By the end of the ’40s, most of the jazz clubs on Swing Street had gone dark or become strip joints, even as bebop was getting big enough to need a place of its own.

Bop had begun surfacing in the early ’40s at musicians’ hangouts, and it caught the midtown public’s ear with Gillespie’s famous gig at the Onyx in early 1944. Gillespie was unable to bring Parker in for that occasion, but Bird staked his own claim in September 1944 with a gig at the Three Deuces.

Around the same time, Morris Levy, a Bronx-born teenager with little formal education but boundless ambition, street smarts and connections, was working hat check in the clubs. Moishe, as everyone knew him, gradually got a piece of this and a piece of that some said with help from his family, which the feds said was the Genovese family and he was only 23 when he and eight associates opened Birdland.

Weeks later, George Shearing composed “Lullabye of Birdland” there in nine minutes, says the legend and Levy, who recently had learned that a publisher makes money every time a song is played, rode its publishing rights to a six-figure windfall.

Eventually he parlayed that money plus his Birdland profits into a publishing, record label and retail empire. He was indicted regularly for mob-related activities, but he beat everything except a final extortion rap in 1988. By then he was dying of cancer, so he never did get to the big house.

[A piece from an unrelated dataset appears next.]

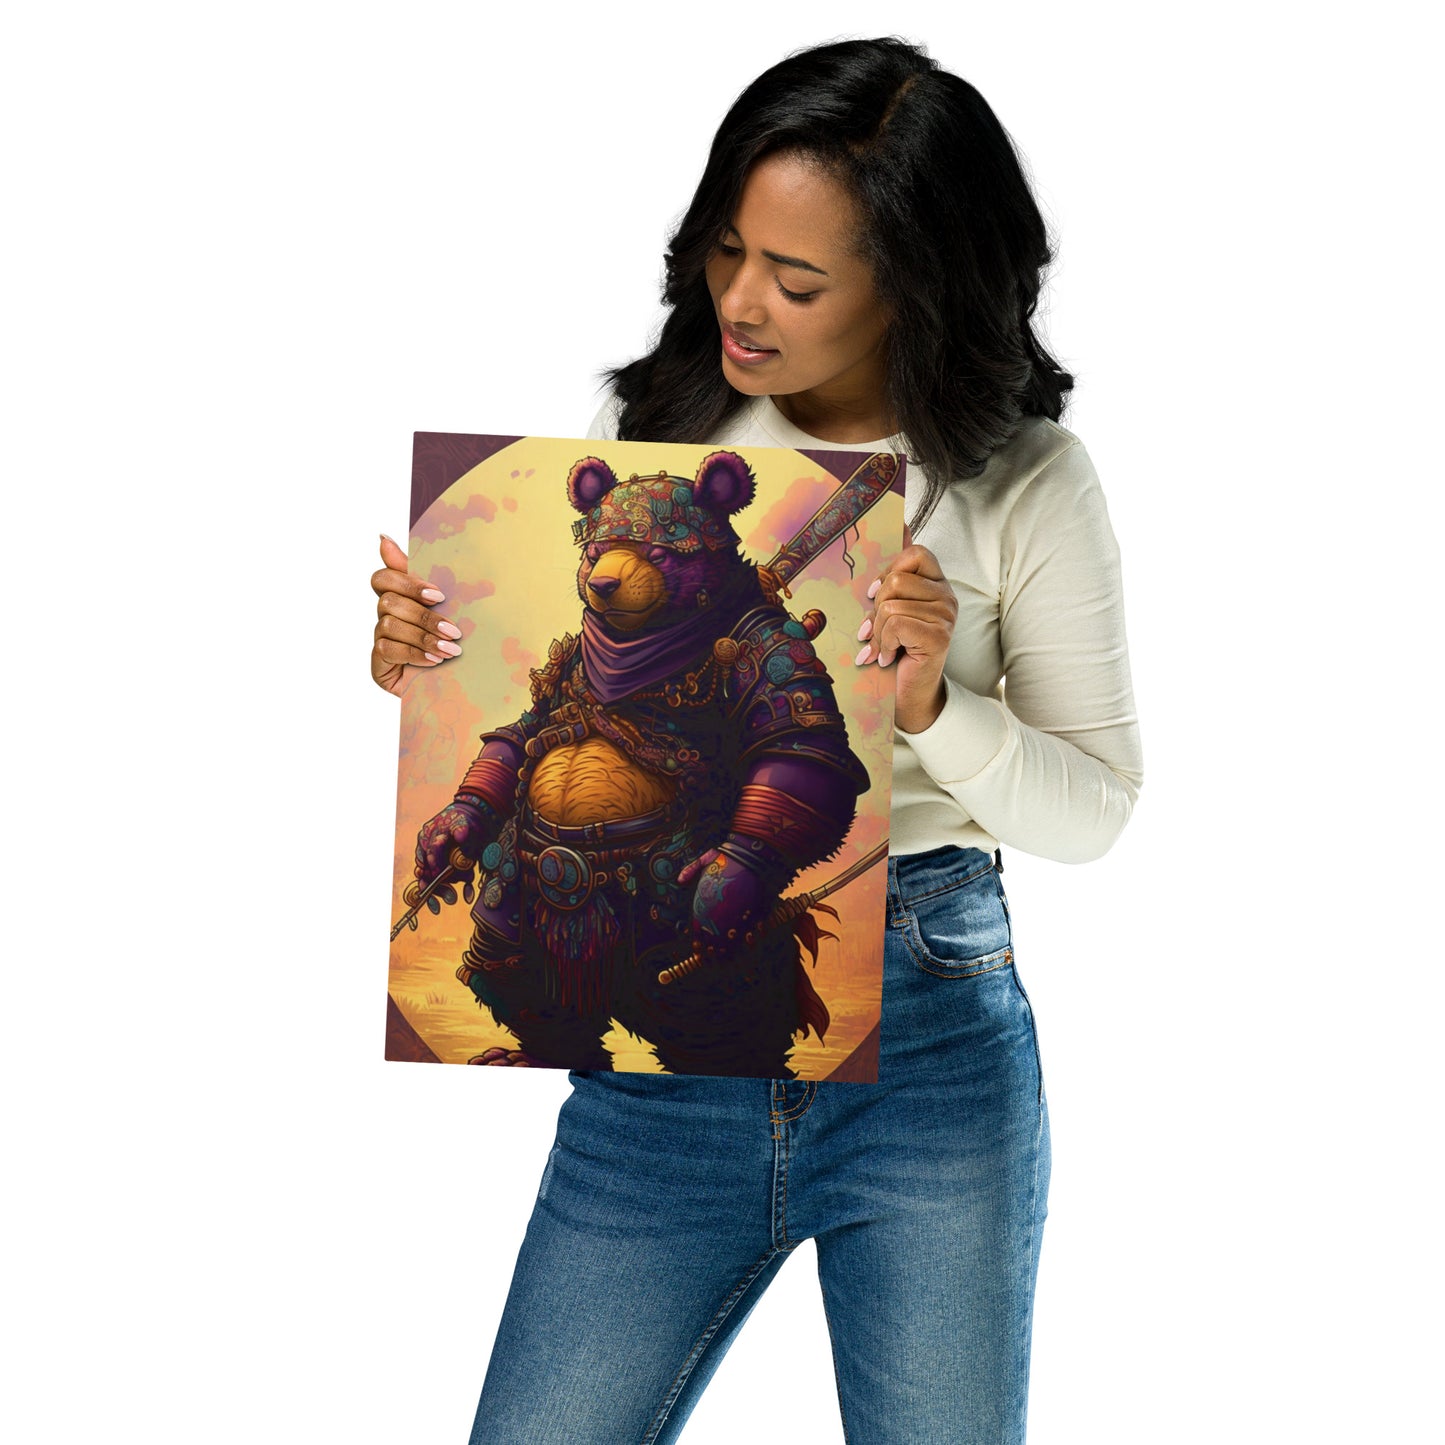 Samurai Pooh Bear 1.0 Metal print

When he cashed out in 1990, he was worth $75 million.

Charlie Parker died March 12, 1955, in the Stanhope Hotel, where a wealthy jazz fan had given him shelter; official cause was cirrhosis of the liver. In January 1959, Levy’s brother Zachariah was shot to death while working the Birdland bar; the killing went unsolved. In June 1964, Birdland filed a bankruptcy petition listing $103,778 in debts and $7,320 in assets.